M A Pech-Amsellem1, I Myara, I Pico, C Mazière, J C Mazière, N Moatti.   

Abstract

Modifications of LDL by the EA.hy 926 cell line were compared to those generated by human umbilical vein endothelial cells (HUVEC). Thiobarbituric acid reactive substances (TBARS) index values (TBARS sample/TBARS cell-free control ratio) were 2.64 +/- 0.18 (m +/- SE, n = 11) and 3.12 +/- 0.24 (n = 11), for HUVEC and EA.hy 926, respectively. The percentage of the most electronegative modified LDL fraction (fraction C), assessed by using an ion-exchange chromatographic method based on fast protein liquid chromatography (FPLC), represented 14 +/- 3% (n = 34) and 22 +/- 13% (n =10) of total modified LDL in HUVEC and EA.hy 926, respectively.
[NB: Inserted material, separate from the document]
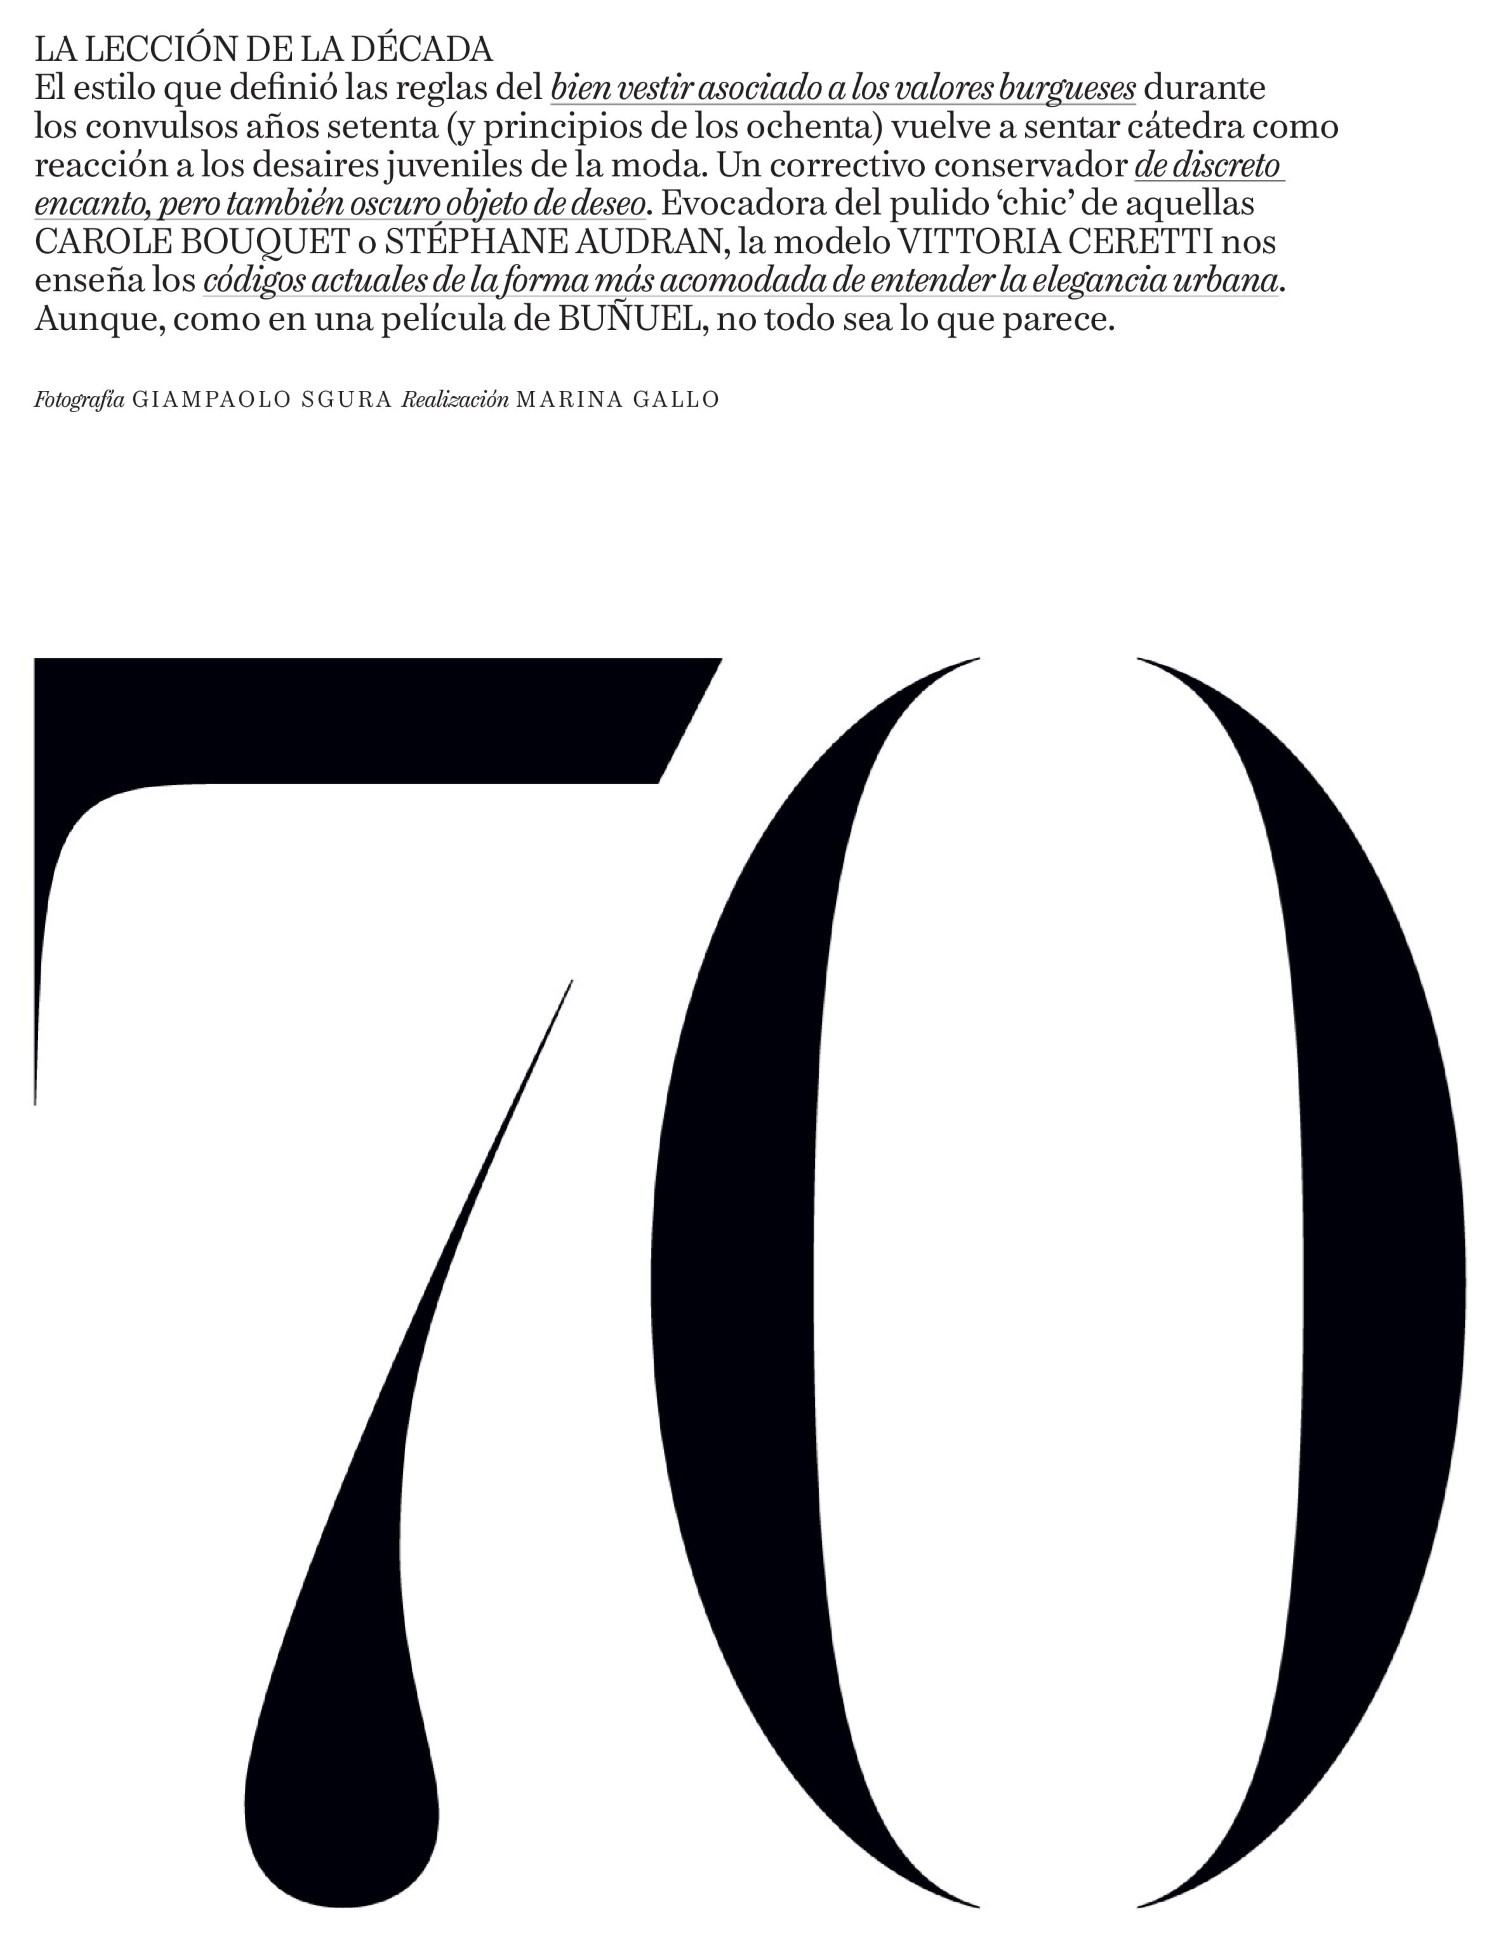 Vittoria Ceretti by Giampaolo Sgura for Vogue Paris Sept 2019 (2).jpg
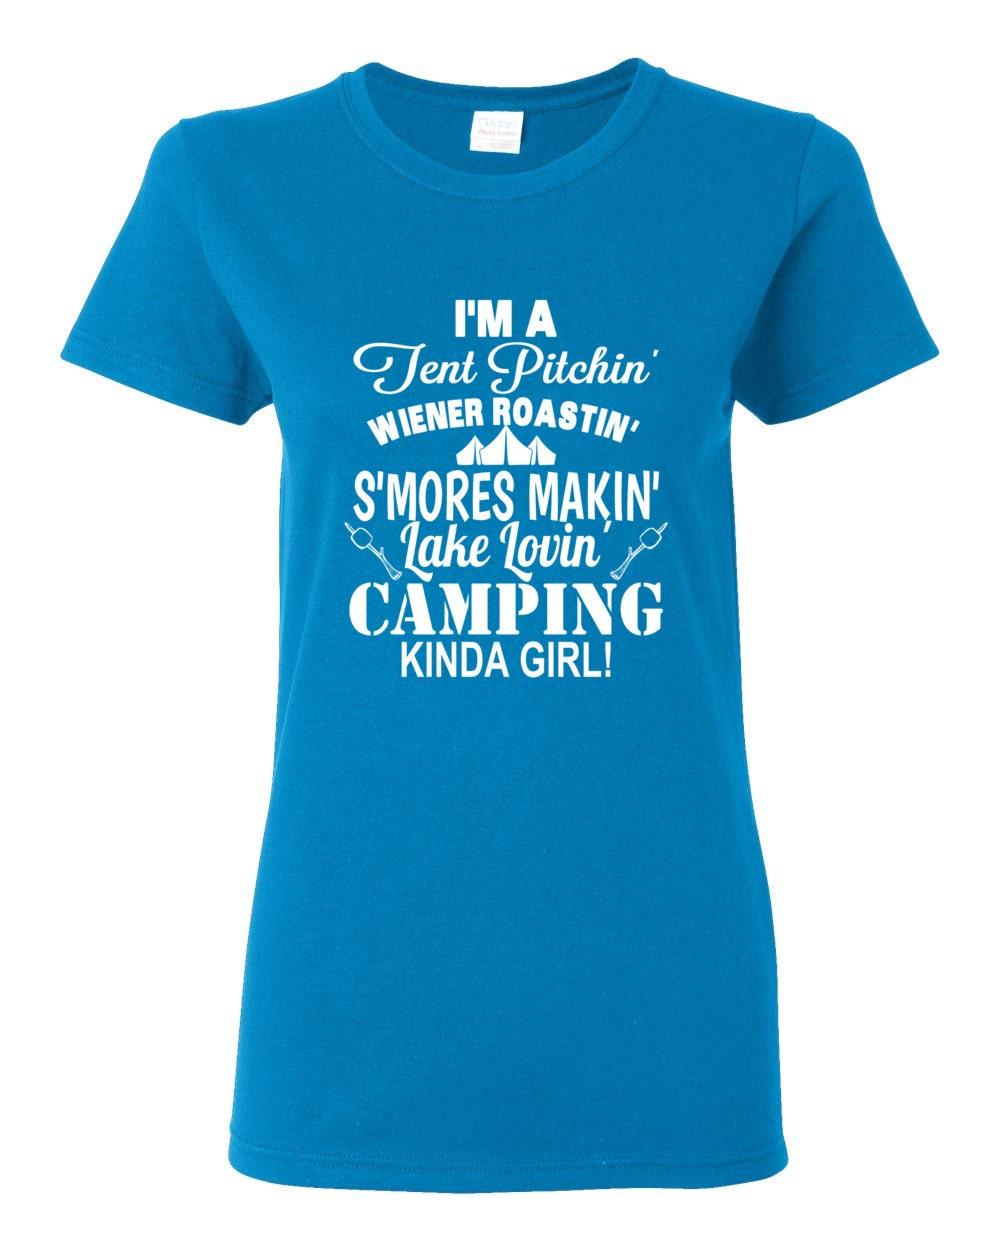 Camping T-shirt - Camping Kinda Girl Womens T-shirt

LDL modified by both cell lines showed increased agarose electrophoretic mobility and apo B100 fragmentation on SDS-PAGE. None of the results were significantly different between the two cell lines. Superoxide anion production was 0.12 +/- 0.04 (n = 11) and 0.07 +/- 0.01 nmol/min/mg cell protein (n = 11) in HUVEC and EA.hy 926, respectively. Cell-specific effects on LDL were abrogated in cysteine-free medium. Moreover, cell-modified LDL were similarly degraded by J774 macrophage-like cells. We conclude that EA.hy 926 cells are a good model for investigating endothelial cell-induced modifications of LDL. Advantages include ready availability and less individual variability than with HUVEC.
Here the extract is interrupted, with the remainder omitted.